Mr Raj’s claim of unlawful harassment centred on his claim that his team leader, Ms Ward, had massaged his shoulders, neck and back on several occasions while he was at his desk and that this unwanted conduct constituted unlawful harassment either related to his sex or of a sexual nature.

 

The tribunal’s decision

 

The tribunal dismissed the sexual and sex-related harassment claims, finding that, whilst Ms Ward’s conduct was unwanted, and even though it had the effect of creating an intimidating, hostile, degrading, humiliating, or offensive environment for Mr Raj, the conduct was not sexual in nature, nor was it related to sex, and could not therefore amount to harassment.

In reaching this decision, the tribunal was satisfied that Mr Raj had established that there was massage-type contact lasting two or three minutes, which was long enough to make him feel uncomfortable. However, the tribunal noted that the evidence that linked the contact with Mr Raj’s sex was limited. There was no evidence of Ms Ward behaving in a similar way to anyone else, male or female.

The tribunal concluded that the conduct was simply ‘misguided encouragement’ by a manager to a ‘gender neutral’ part of the body in an open-plan office. Although the conduct was unwise and uncomfortable, it was not harassment.

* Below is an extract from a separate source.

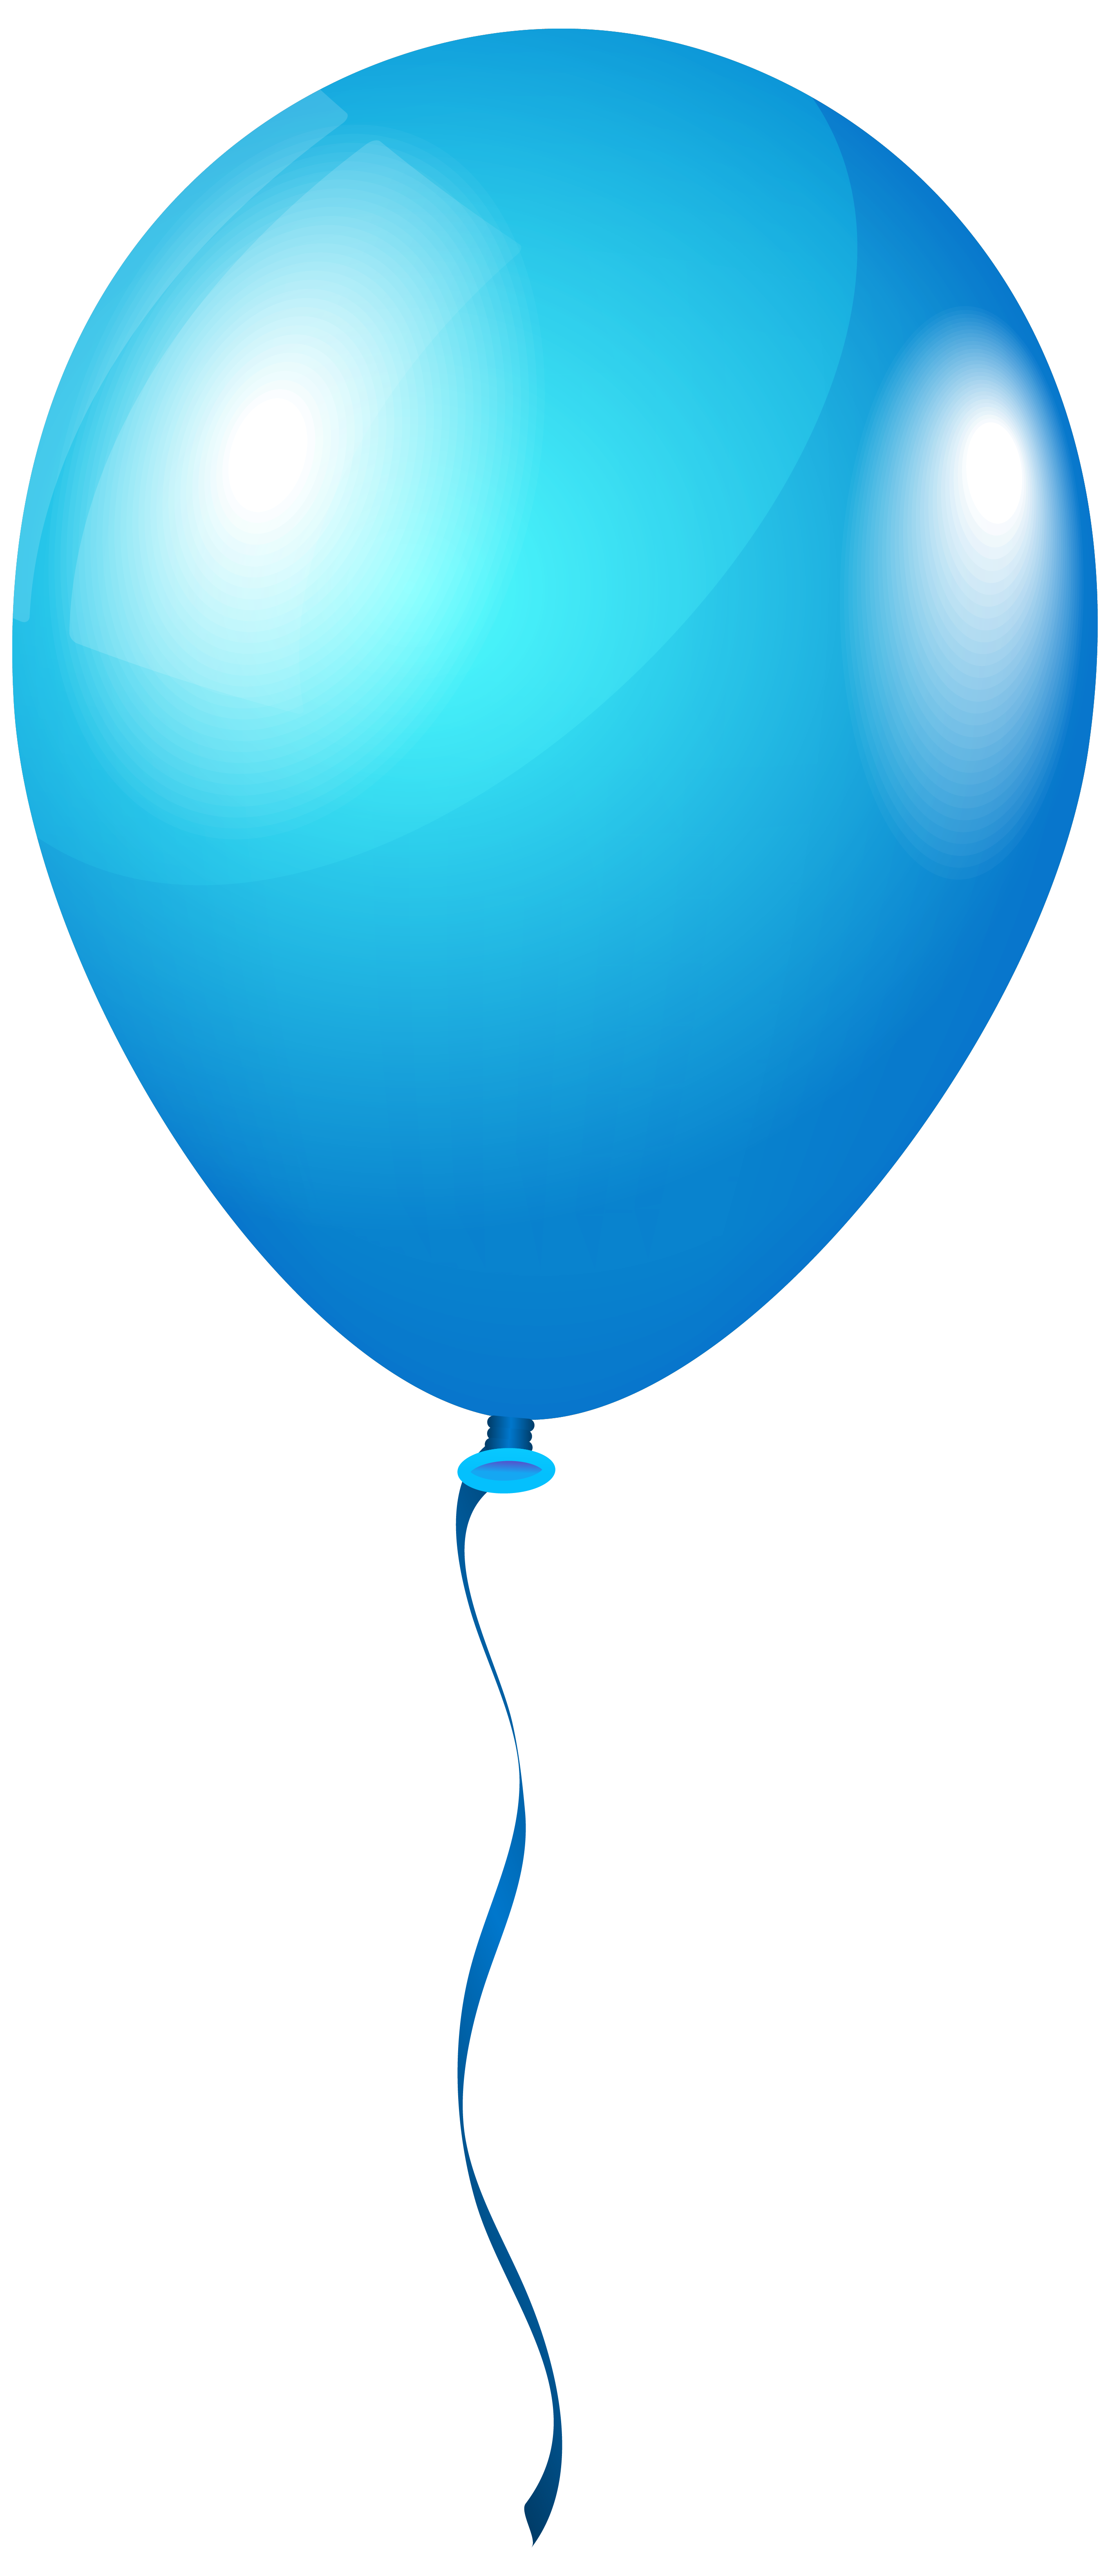 Воздушный шар PNG Image

Mr Raj appealed. He argued, among other things, that the tribunal failed to apply the proper test on the shifting burden of proof.

 

The EAT’s decision

 

The EAT accepted that the tribunal’s reasons made no express reference to the burden of proof provisions contained in the Act.

However, the tribunal had correctly asked whether there were facts from which it could conclude that the unwanted conduct related to Mr Raj’s sex; and had lawfully determined that there were not. The burden of proof was not overcome simply because Mr Raj satisfied the other requirements, or from the tribunal rejecting part of Ms Ward’s account.

In any event, the tribunal found that Capita had proved the reason for the unwanted conduct was misguided encouragement by Ms Ward and had therefore been satisfied that they had shown the conduct in question was unrelated to Mr Raj’s sex.

As such, the appeal was dismissed.

 

What does this mean for schools?

 

Whilst on one level this case provides us with food for thought about the rights or wrongs of the outcome, it is above all a thought-provoking and, perhaps, alarming illustration of the fine line between winning and losing a discrimination case.

It highlights the importance of schools having in place robust policies, procedures and training for all staff which fosters a culture where discrimination is not tolerated and that everything possible is done to protect the dignity of employees. Staff should also be aware of appropriate boundaries surrounding physical contact. This is likely to be particularly important for those working in sports, dance and drama settings where physical contact is more commonplace.

As an employer, if schools can demonstrate having taken “all reasonable steps to prevent discrimination” in the workplace, they may have a defence to a claim for discrimination or harassment. Although this defence is a high hurdle to overcome and will not always succeed, the existence of robust policies and a culture which embraces dignity and inclusion can only help to reduce the likelihood of discrimination claims arising.

Schools should consider reviewing their policies and procedures to ensure they adequately seek to prevent discrimination in the workplace and maintain dignity at work.